3. These updates are free, so whatever version is available to you can be updated using a corresponding bugfix update, considering it is 12.1 or newer.
Is there a CVE?
Unfortunately not yet. We’re in the process of receiving one.
Is the community version also affected?
Yes, it is. The updates for Community editions are available as well
WebStorm 2016 1.2 (the one with the security fix) crashes for me on MacOS after updating (tried applying the patch and doing a fresh install using the distribution file from the website). In the old version, no WebStorm 2016 can be found. What am I supposed to do? Is rolling back to Webstorm 11 the only option?

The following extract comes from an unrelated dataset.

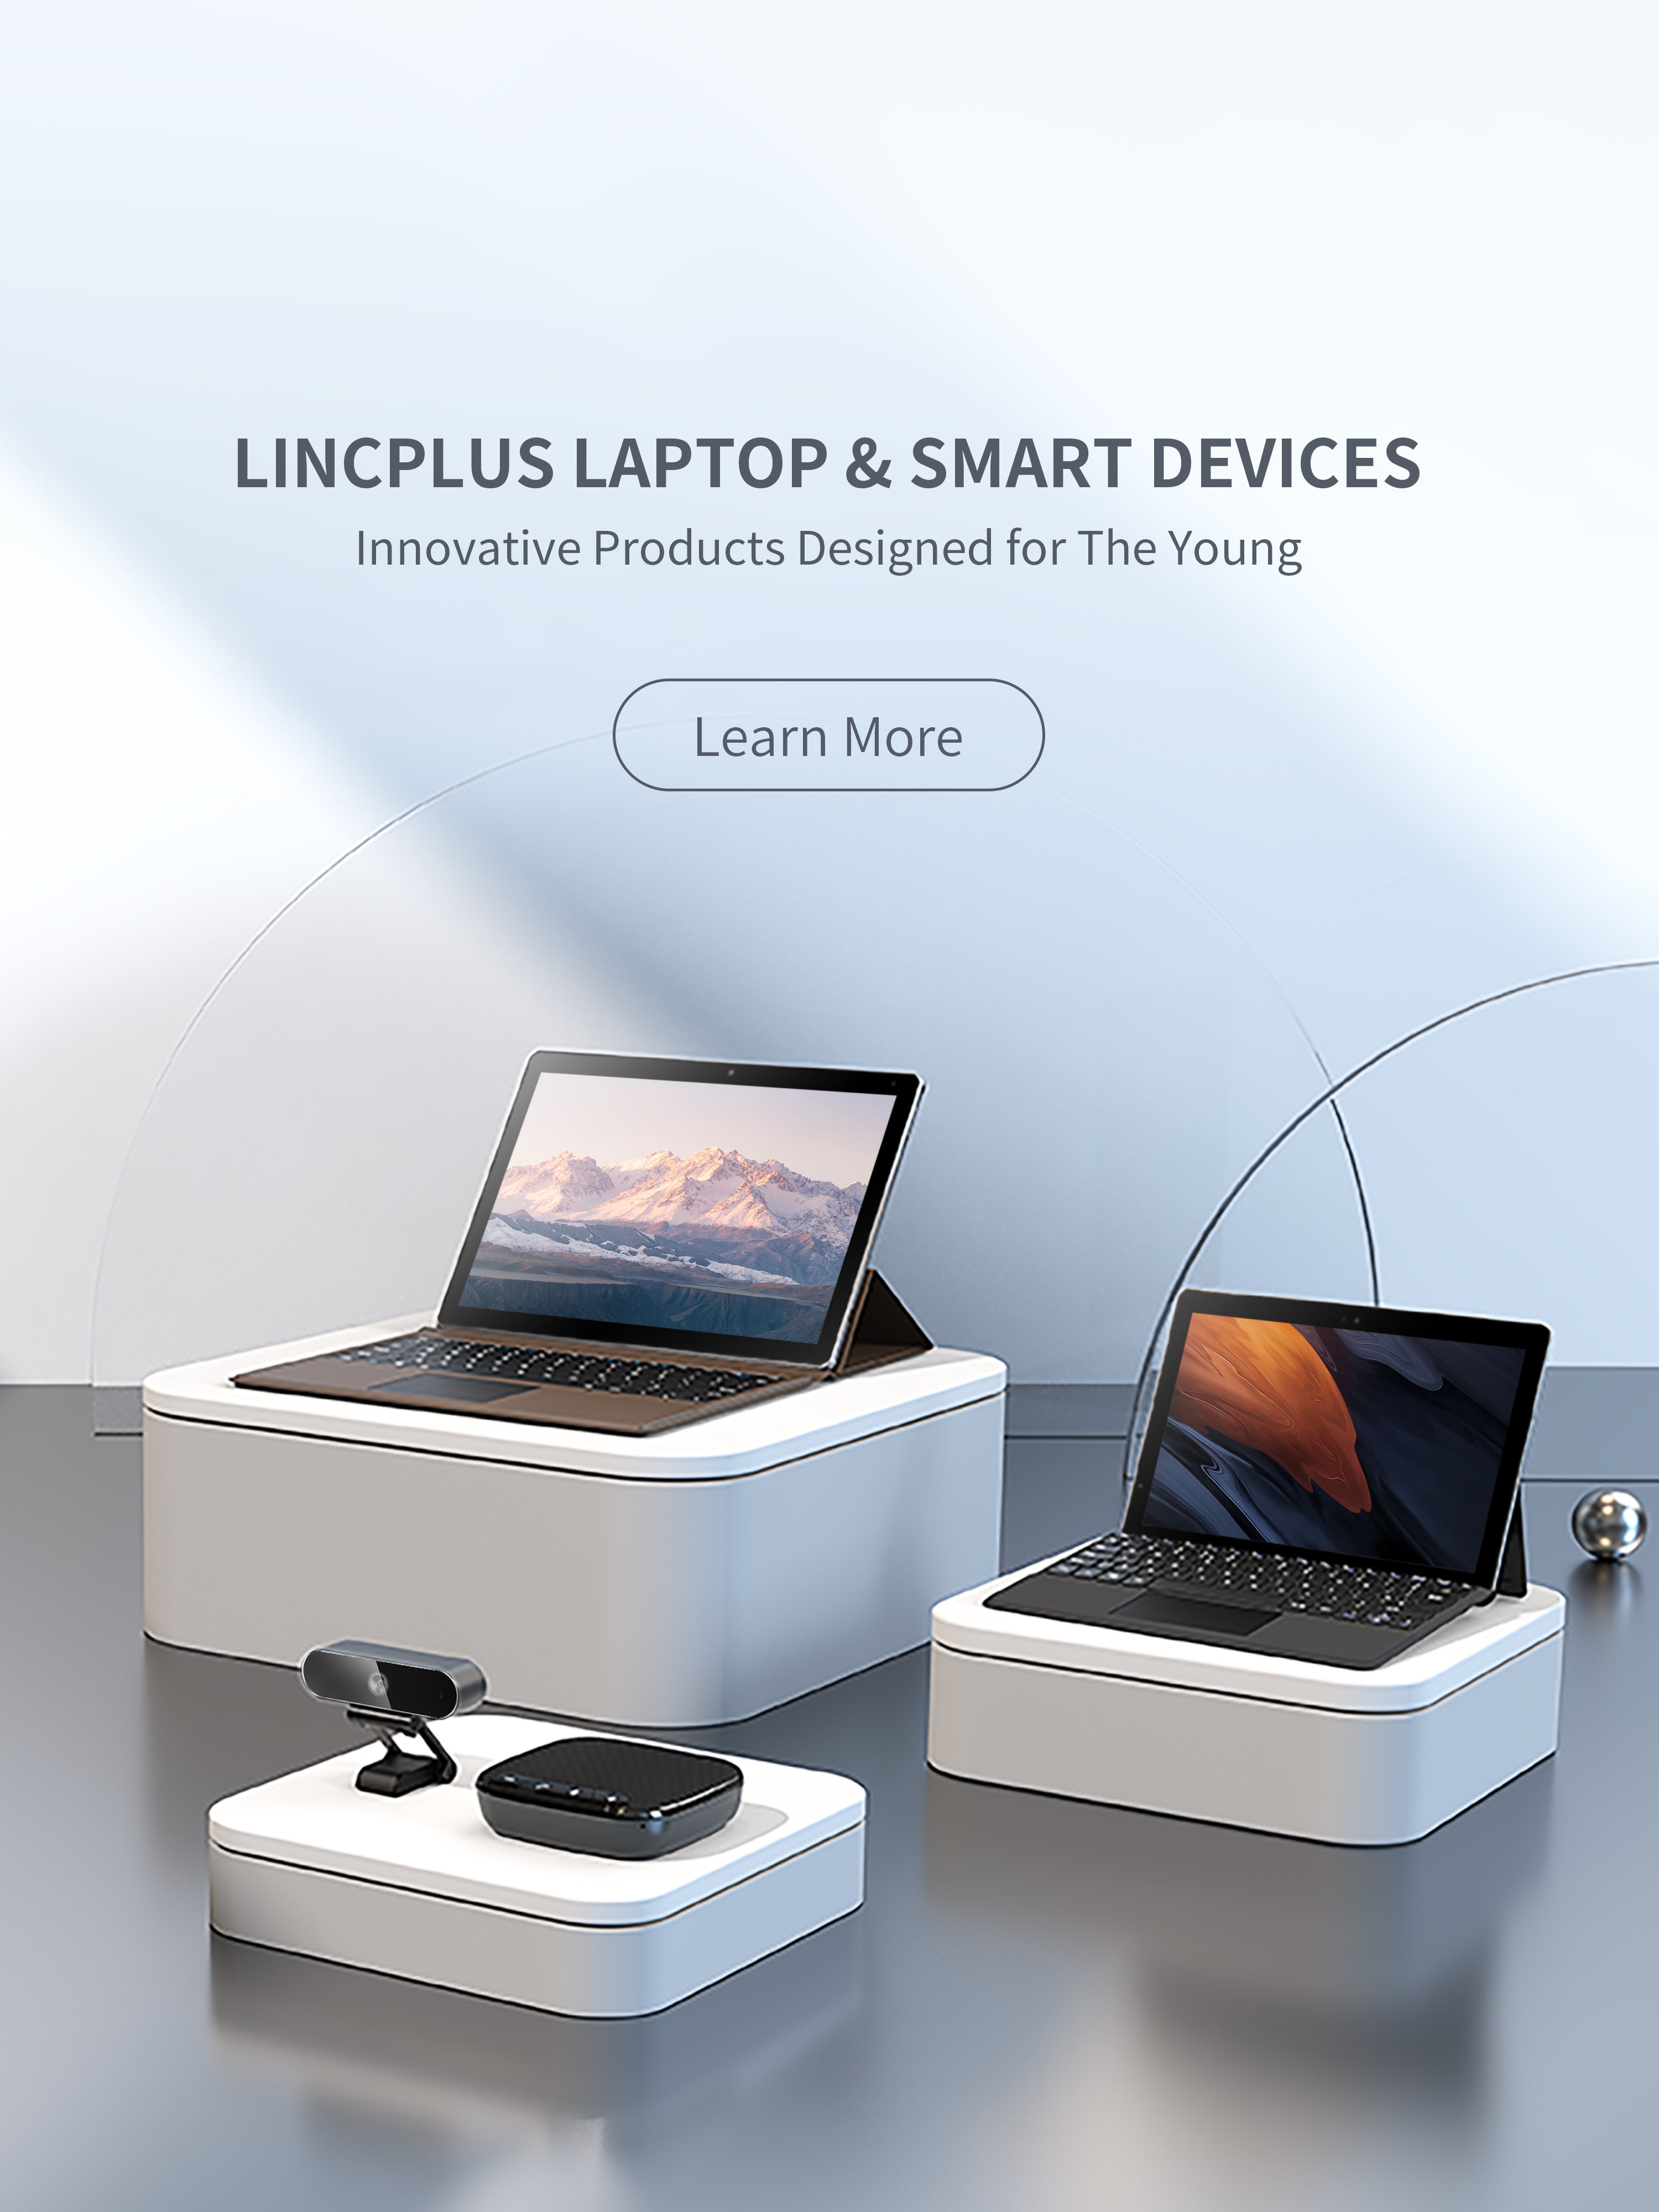 lincplus laptop, tablet and smart devices for the young

Please see this for workaround https://intellij-support.jetbrains.com/hc/en-us/articles/208516145
I updated to PHPStorm 10 and it didn’t apply half of my exported settings that I imported from v8, and now that JetBrains releases a new *MAJOR* version every 3 months, I don’t want to have to reinstall that often, I’d prefer to just get updates.
The Major updates need to slow down to allow security patches like this to happen more easily rather than making us reinstall the entire program and risk losing a lot of configuration often.
Nice update, lose all settings, all configuration in all projects and all the local history. Epic win guys, epic win… This + lots of troubles recently (many crashes), I’m tired of this… where is the time when everything just work properly ? One year ago ?
You are going too fast, you’re losing it
You shouldn’t have lost anything. Could you maybe provide us with some more information of your settings?
(quote)
The cross-site request forgery (CSRF) flaw in the IDE’s built-in webserver allowed an attacker to access local file system from a malicious web page without user consent.
(end_of_quote)
It would mean that I need to display a malicious website from within the IDE?
If I never display web content inside the IDE I am safe?
Am I getting this right?
Oliver, no not from within the IDE. A page can be open in the browser.